Securing these contracts would generate multi‑billion‑dollar revenue, strengthening Pakistan’s aerospace industry and improving its fiscal outlook. It also deepens strategic ties with China and positions Pakistan as a credible low‑cost arms exporter.
The JF‑17 Thunder, co‑developed by Pakistan’s PAC and China’s Chengdu Aircraft, has matured into a cost‑effective, multi‑role fighter. Its Block 3 variant packs an AESA radar, electronic‑warfare suite and beyond‑visual‑range missile capability, yet still sells for roughly $25‑30 million per unit—significantly less than an F‑16 or Rafale. Recent combat against India demonstrated operational reliability, giving budget‑conscious air forces a proven platform without the high price tag of Western alternatives.
Negotiations are now spanning South Asia, the Middle East and Africa. Bangladesh is eyeing up to 48 jets, Indonesia discussed a $1 billion deal for around 40 aircraft, and Saudi Arabia is converting $2 billion in loans into a potential $4 billion package that could include drones and support gear. Iraq, Sudan and Libya have also entered talks, collectively pushing the projected contract value beyond $20 billion. For Pakistan, these sales could inject vital foreign exchange, bolster the defence industrial base and provide a fiscal lever to exit the IMF bailout slated for 2026.
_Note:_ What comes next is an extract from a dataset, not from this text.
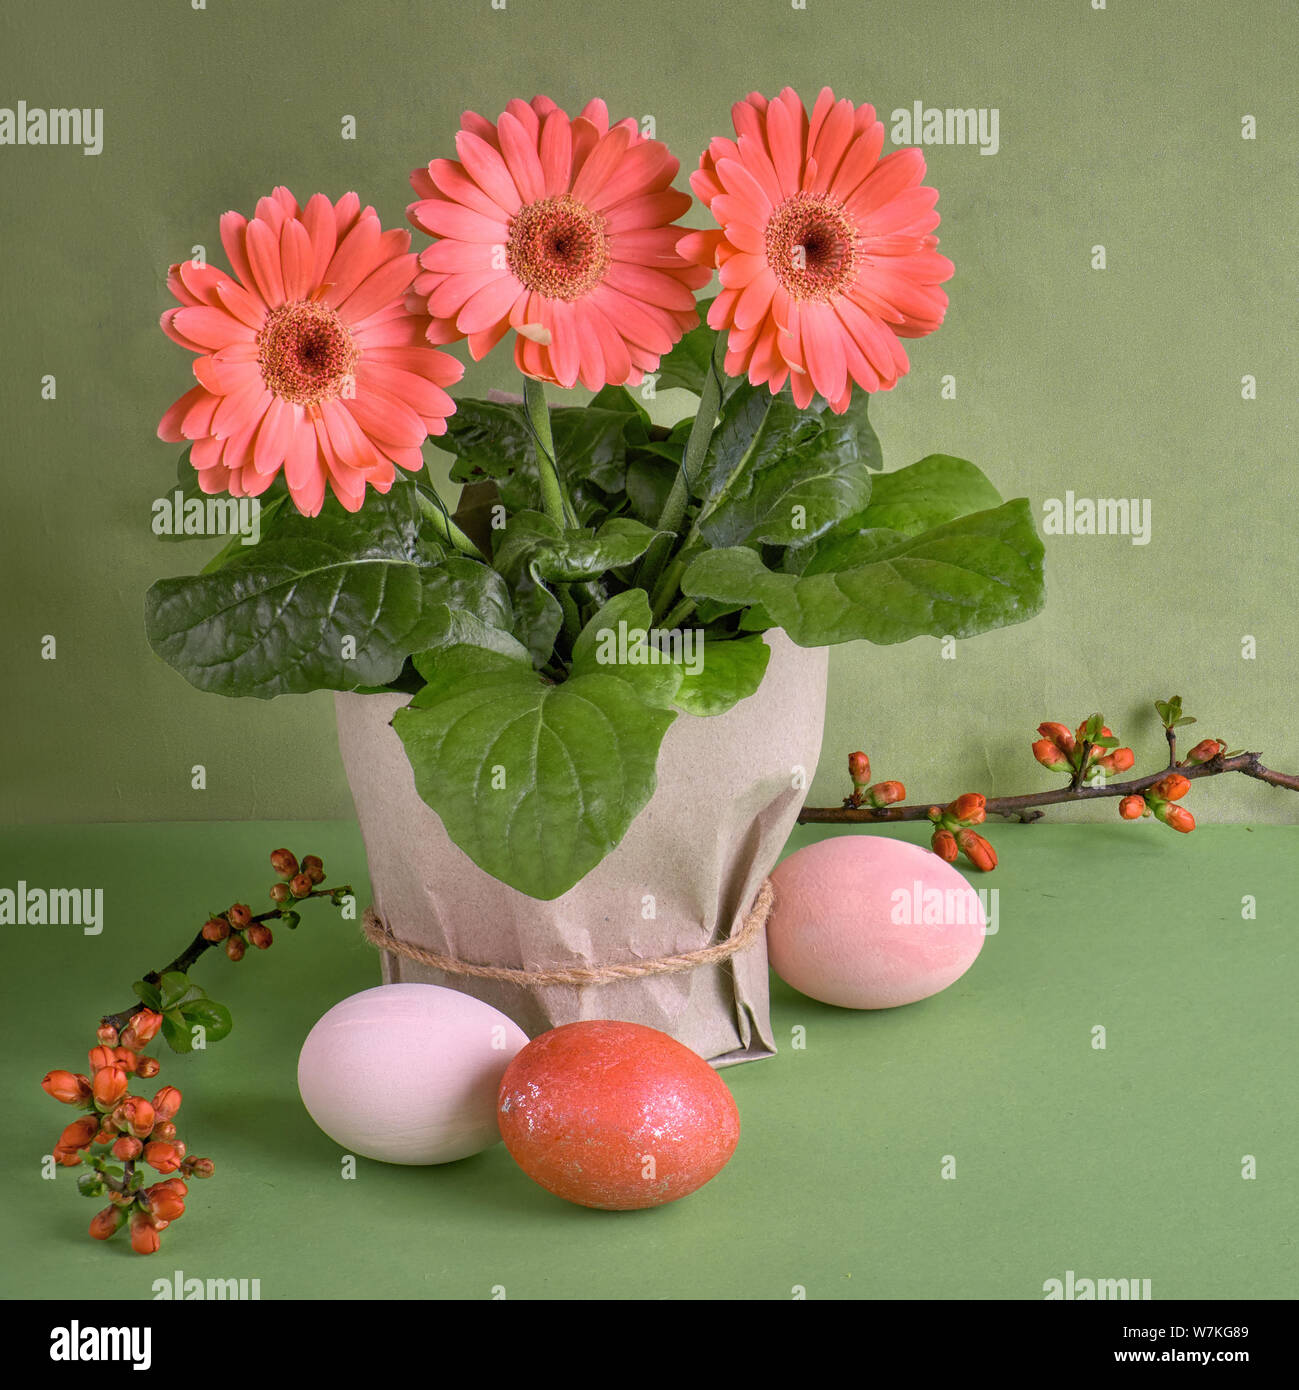 Gerbera fleurs corail daisy et les oeufs de Pâques sur fond de papier vert. Vente de printemps de l'image concept, composition carrée Banque D'Images

Beyond immediate revenue, the export push deepens Pakistan’s strategic partnership with China, which retains a stake in every sale through component and licensing fees. It also signals a shift in the global arms market toward affordable, proven platforms from emerging manufacturers. However, scaling production to meet demand while maintaining domestic fleet upgrades will test Pakistan’s manufacturing capacity. If managed effectively, the JF‑17 programme could cement Islamabad’s role as a key supplier to nations seeking capable yet economical combat aircraft.